Given the importance of the intracellular Calcium on bursting, one possible solution presents itself (actually, it was presented by Mark Goldman). The bursting curve of Figure 5 shows a rise between bursts that the lower curve does not. This slower rise in the membrane voltage could be due to an effect from the Calcium dependent Potassium channel. If the KCa channel was too sensitive to changes in Calcium concentration (or if the changes that occurred were magnified by too much expression of the channel), then potential bursts would be "rectified" before they could ever fire. If this phenomenon is indeed happening here, that could help explain the reluctance of the boosted H channel neuron to burst. Figure 5 shows a small hump after the single spike of the H-channel compensated neuron, as if it wants to burst, but is being inhibited by K+. To investigate this possibility, I ran the simulation again with KCa decreased from 19 mS/cm^2 to 13. This had no noticeable effect on the wild type PD neuron simulation, but it did restore the bursting capacity of the A and H channel mutant. Figure 7 below illustrates this effect.
Figure 7
Discussion
Though not fully restored to the original state of firing, this demonstrates the restoration of qualitatively similar behavior is possible through the simple linking of the expression of ion channels with opposite effects. The fact that the magnitude of the effects of the different channels is different leads to two conclusions: one, that the proportional increase of one channel (H in this case) must be must larger than the more effective channel (A in this case), and two, that the complexities of the internal struggle between channels for dominance of the membrane potential makes this relationship valid during only certain regions of the parameter space. Given this initial success, further work in this area should more systematically investigate the sensitivity of this mechanism of regulation along different dimensions of the space, particularly with respect to Calcium dependent channels. The degree to which a neuron can maintain its intrinsic properties in the face of genetic mutation, of the A channel in this case, will be represented by the size of the region of insensitivity to other channels. In other words, if the region is small, then only a few neurons (who have been selected to fire at frequencies defined by the parameter values in the region) will be capable of this intrinsic regulation mechanism. If the space is large, and if many different kinds of neurons can be shown to exhibit regions of stability in their parameter spaces, then this instrinsic regulation mechanism will have been demonstrated to be quite robust. The limitations that will be elucidated by this investigation will be a starting point for explaining why other, extrinsic, methods of regulation are necessary to maintain certain patterns of firing.

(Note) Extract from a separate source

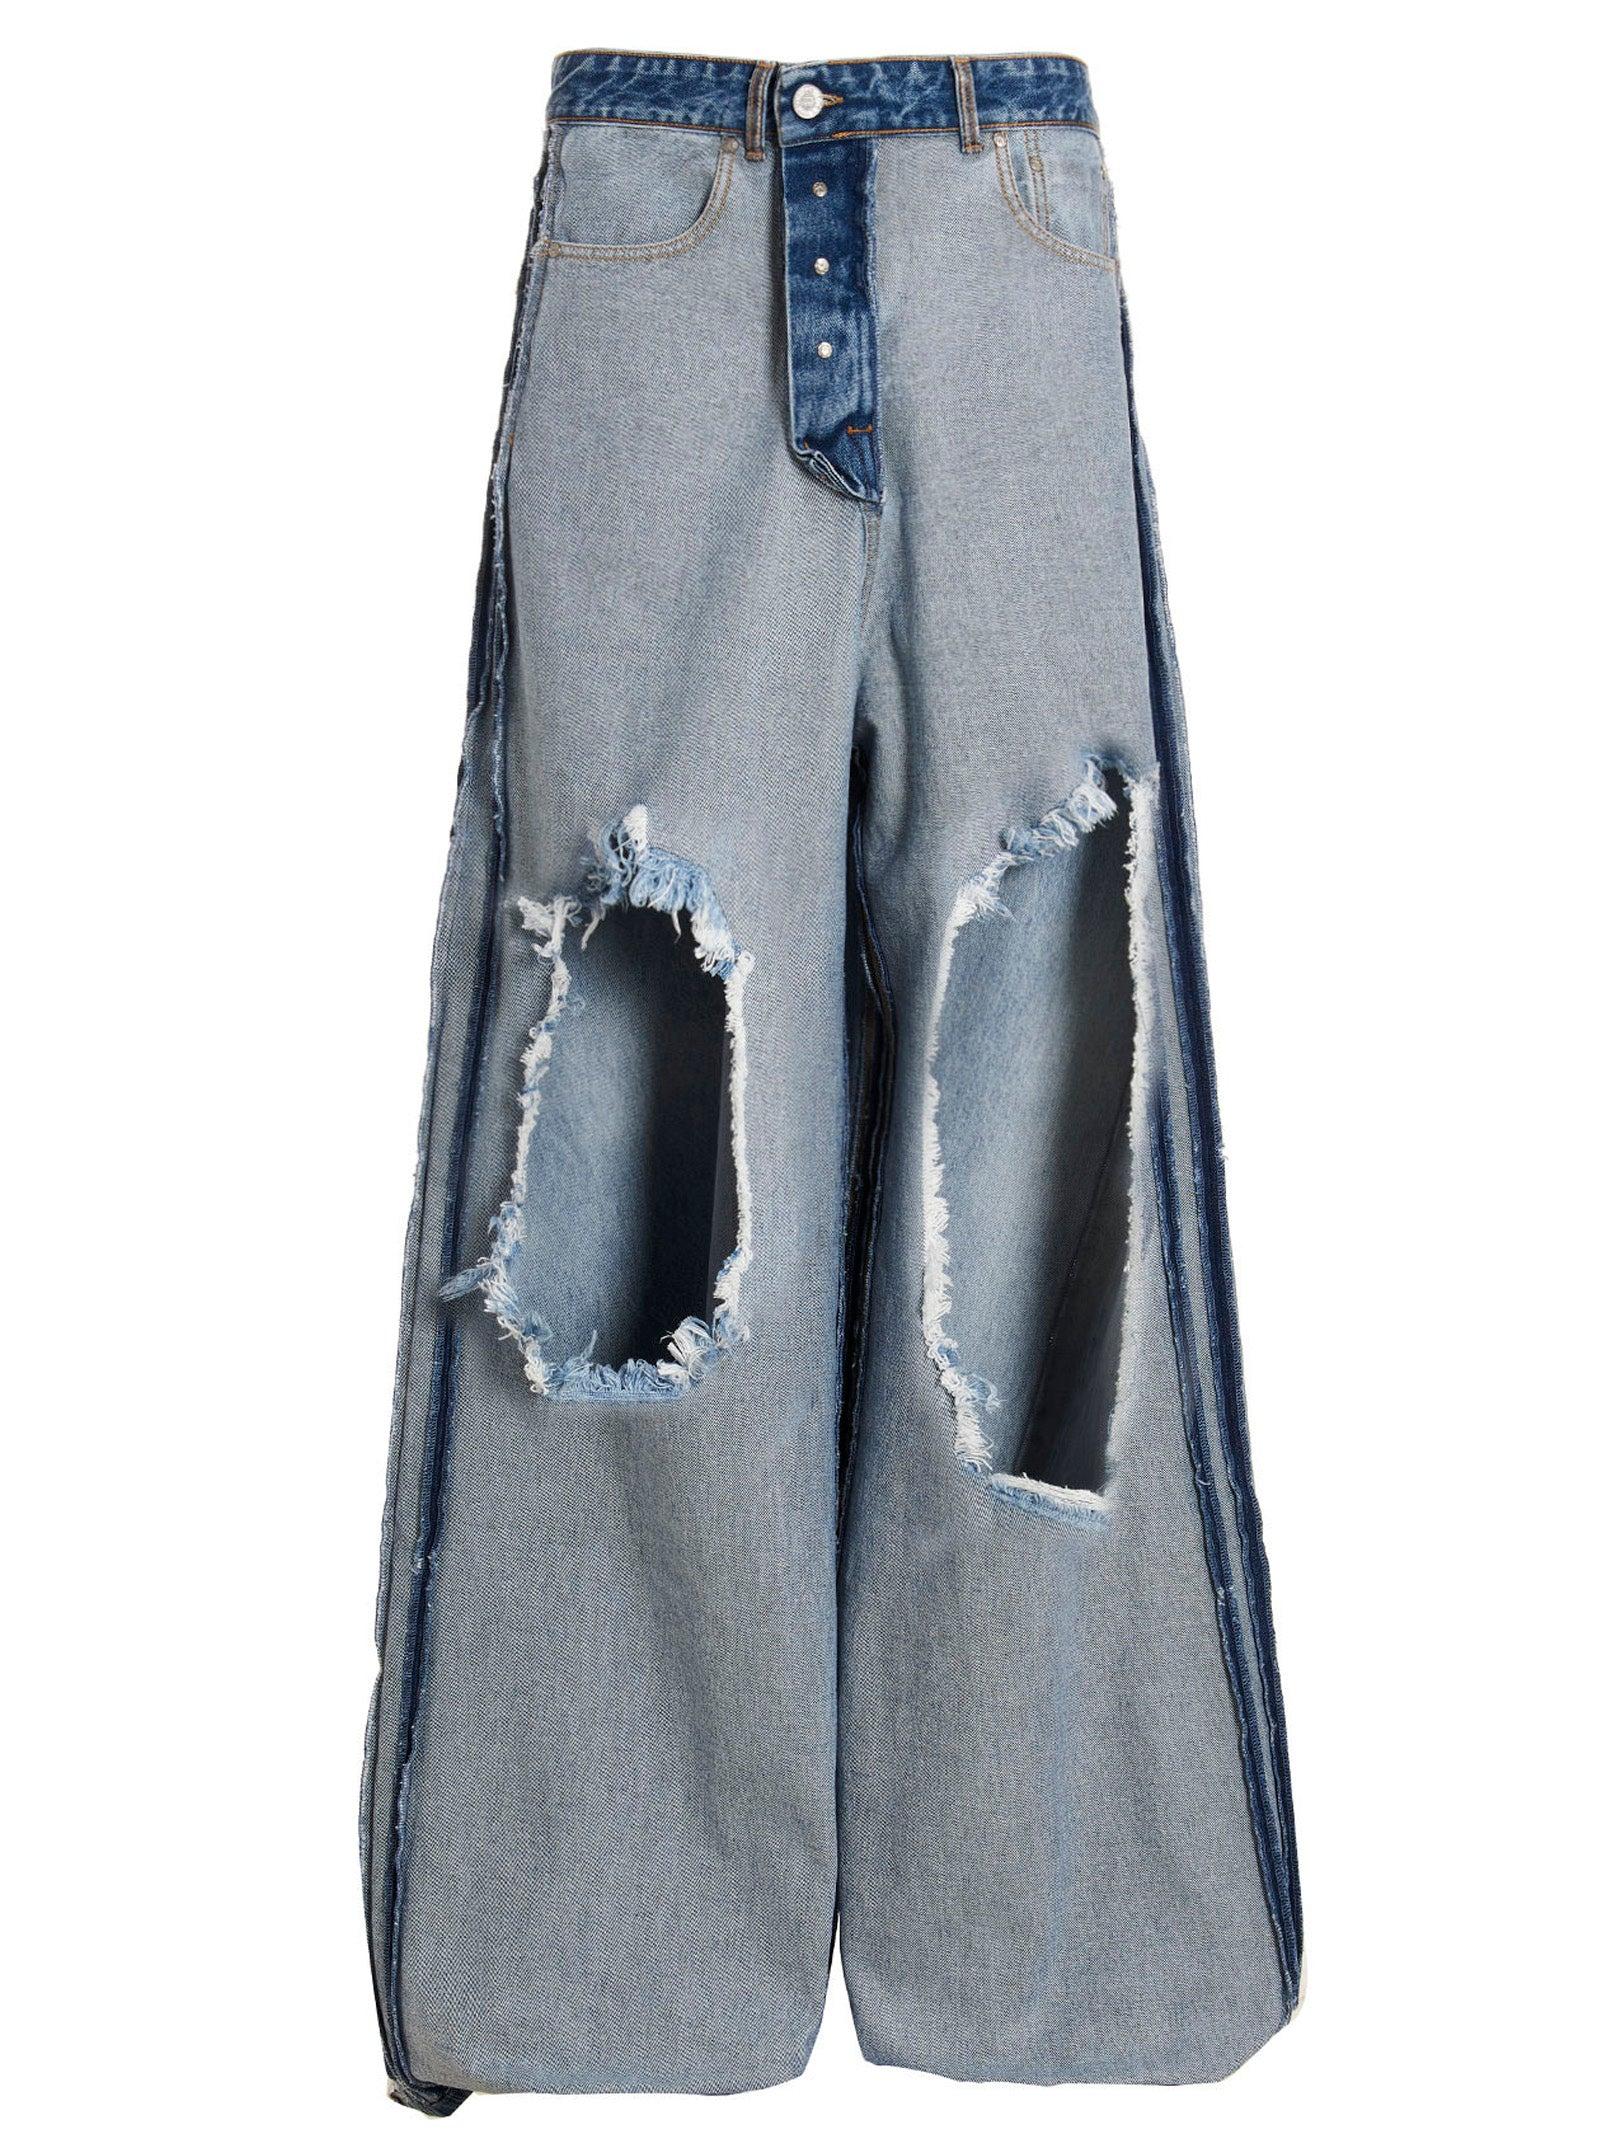 新品《 VETEMENTS 》Inside-Out Baggy Jeans 30

Goldman, M., Golowasch, J., Marder, E., and Abbott, L.F. Global Structure, Robustness, and Modulation of Neuronal Models. The Journal of Neuroscience, 21(14).
MacLean, J., Zhang, Y., Johnson, B., and Harris-Warrick, R. Activity-Independent Homeostasis in Rhythmically Active Neurons.Neuron, Vol. 37,109-120
Liu, Z., Golowasch, J., Marder, E., and Abbott, L.F. A Model Neuron with Activity-Dependent Conductances Regulated by Multiple Calcium Sensors. The Journal of Neuroscience, 18(7).